## WORK REQUEST
Write the listing below out again exactly, dropping the images.

## RAW DATA
▬▬▬▬▬▬▬▬▬▬

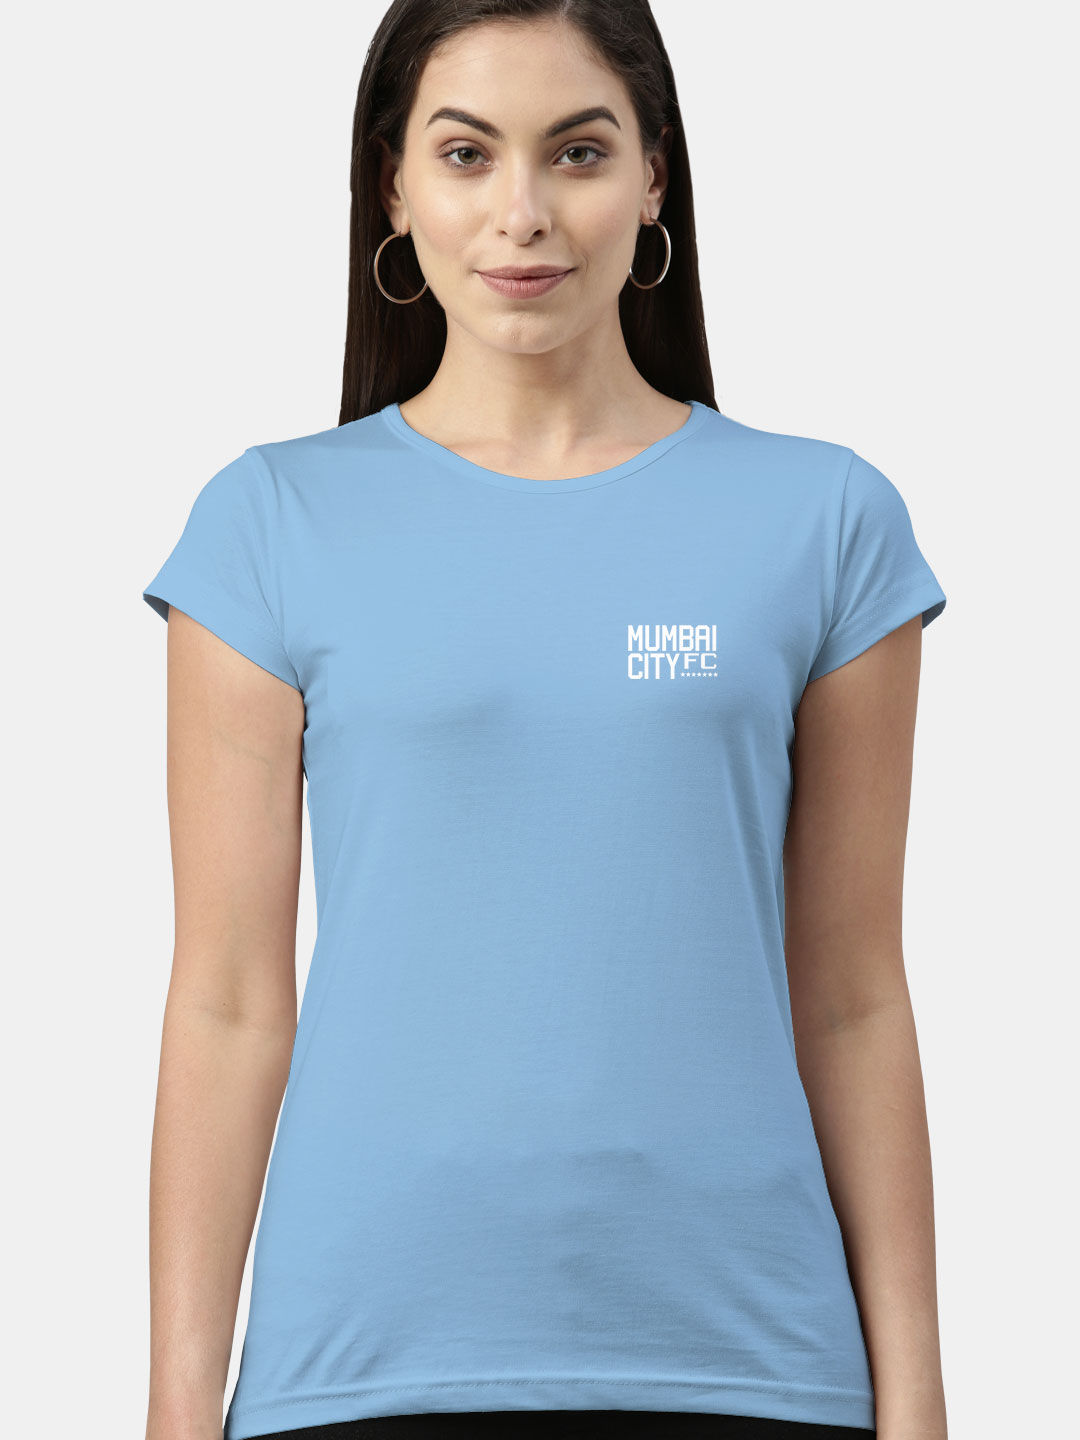 Buy MCFC Aamchi City - Female Designer T-Shirts Light Blue T-Shirts Online
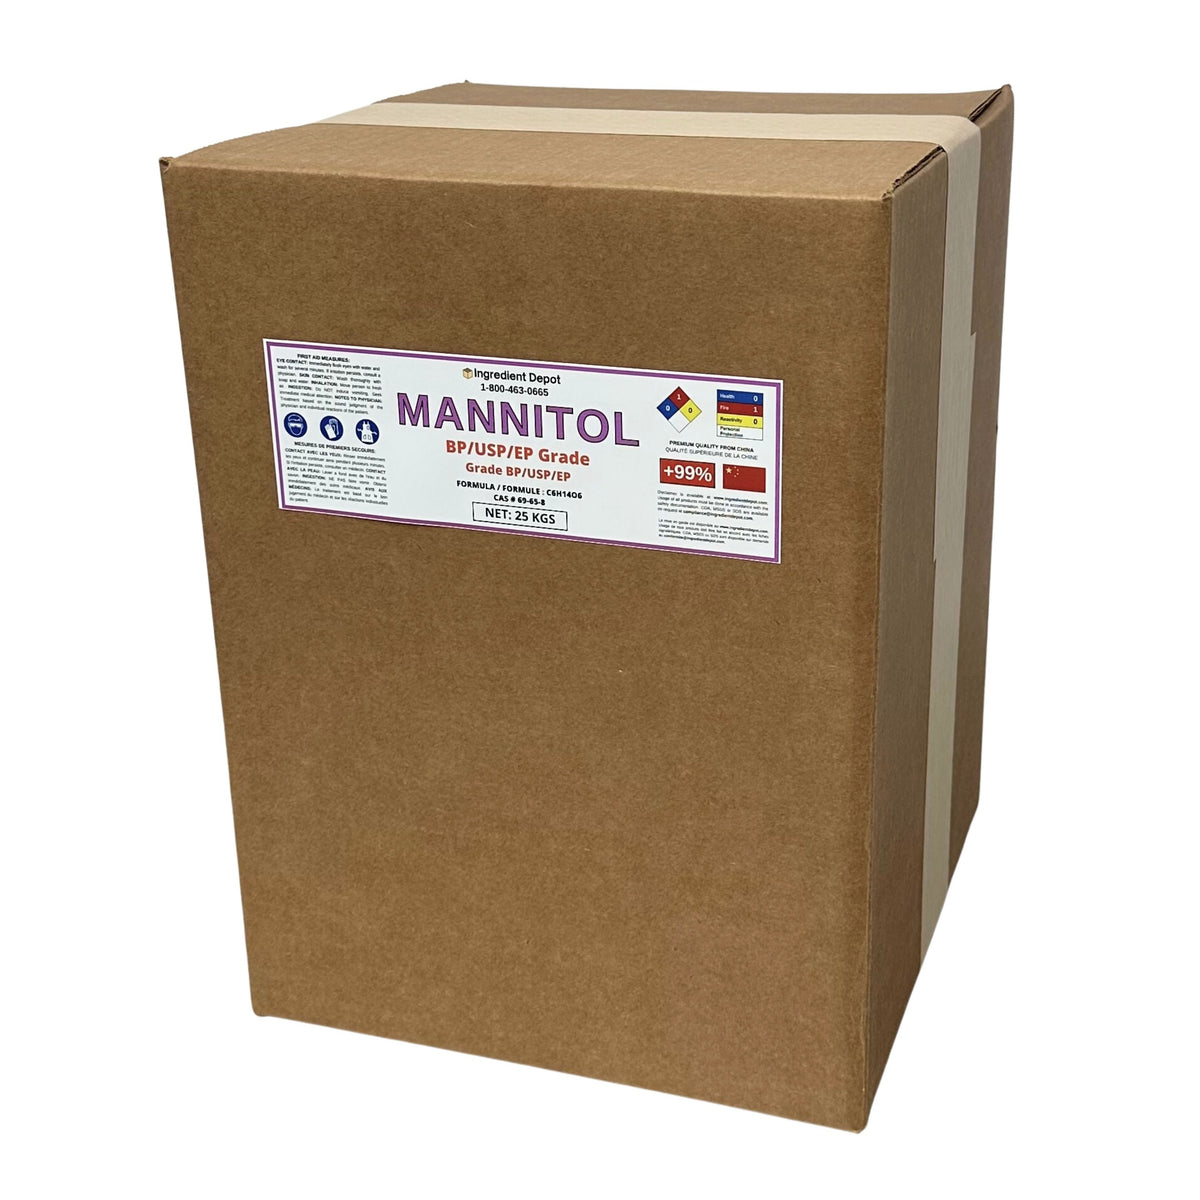 Mannitol BP/USP/EP Grade 25 kgs
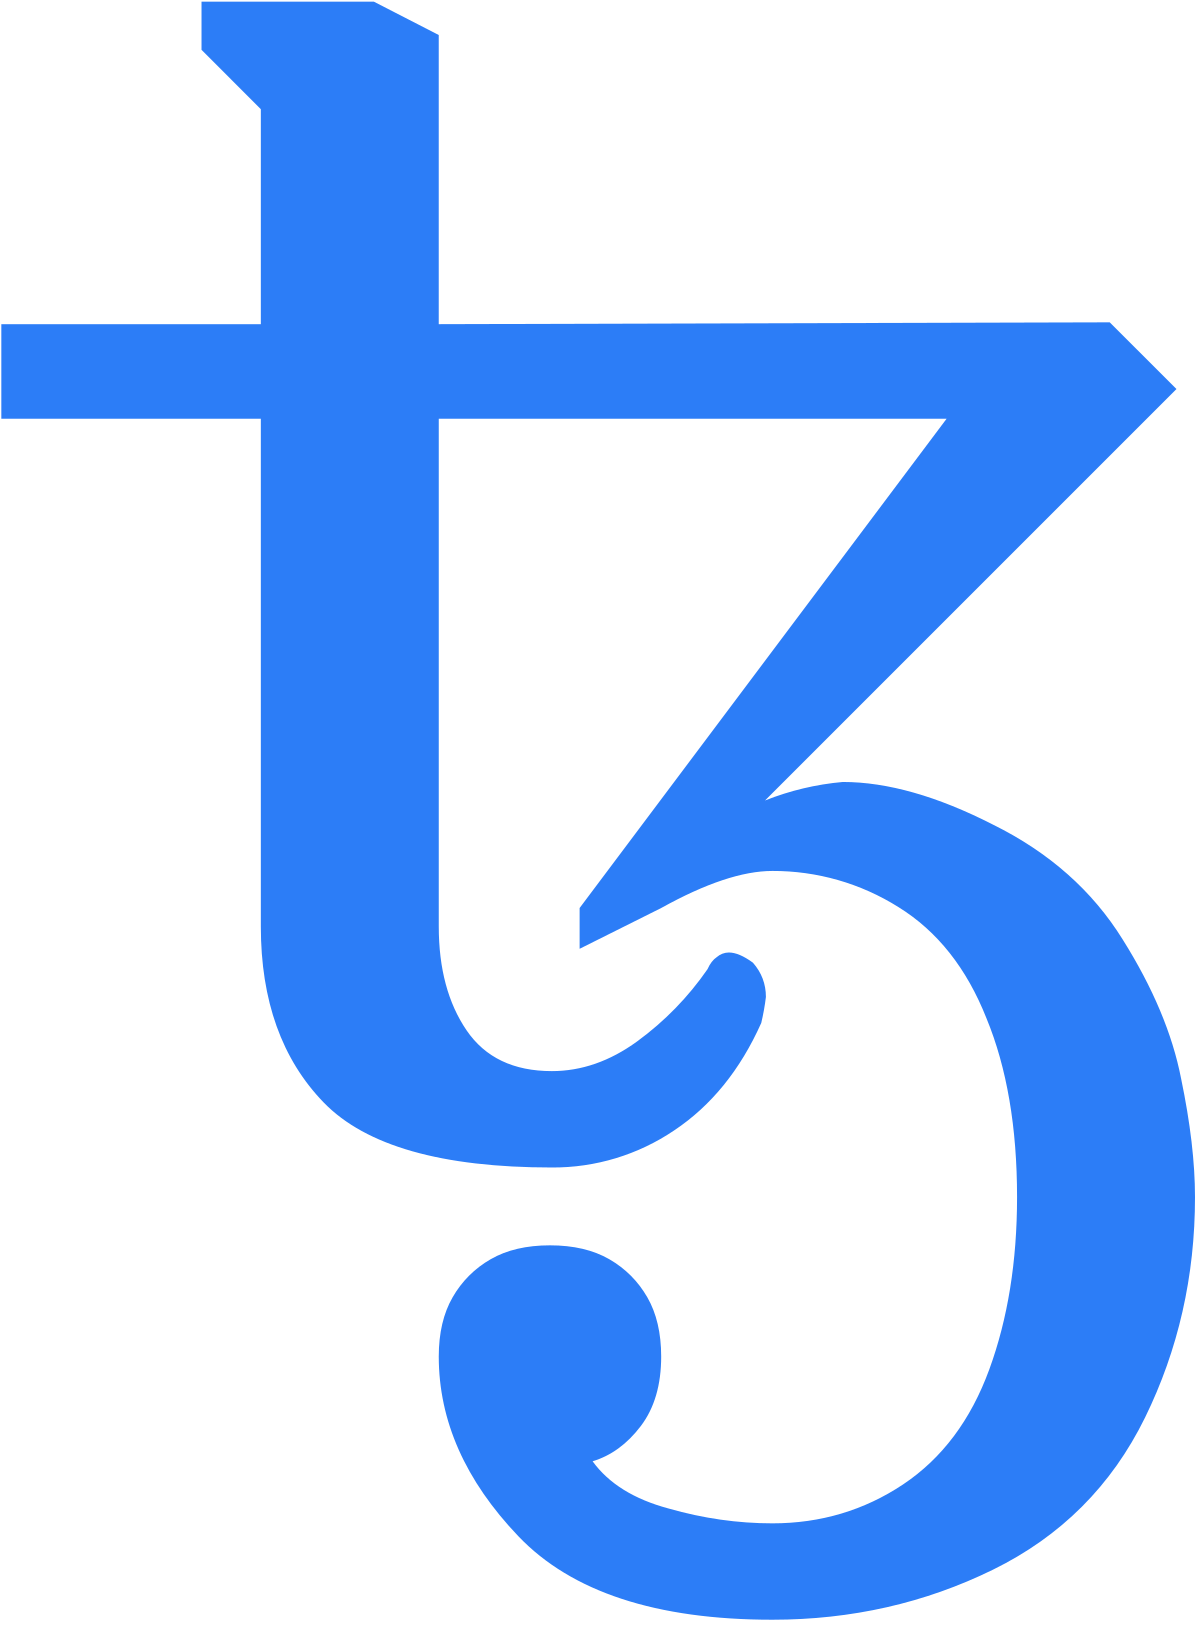 Archivo:Tezos logo.svg - Wikimedia Commons

▬▬▬▬▬▬▬▬▬▬

## EXERCISE RESULT
 Buy MCFC Aamchi City - Female Designer T-Shirts Light Blue T-Shirts Online
 Mannitol BP/USP/EP Grade 25 kgs
 Archivo:Tezos logo.svg - Wikimedia Commons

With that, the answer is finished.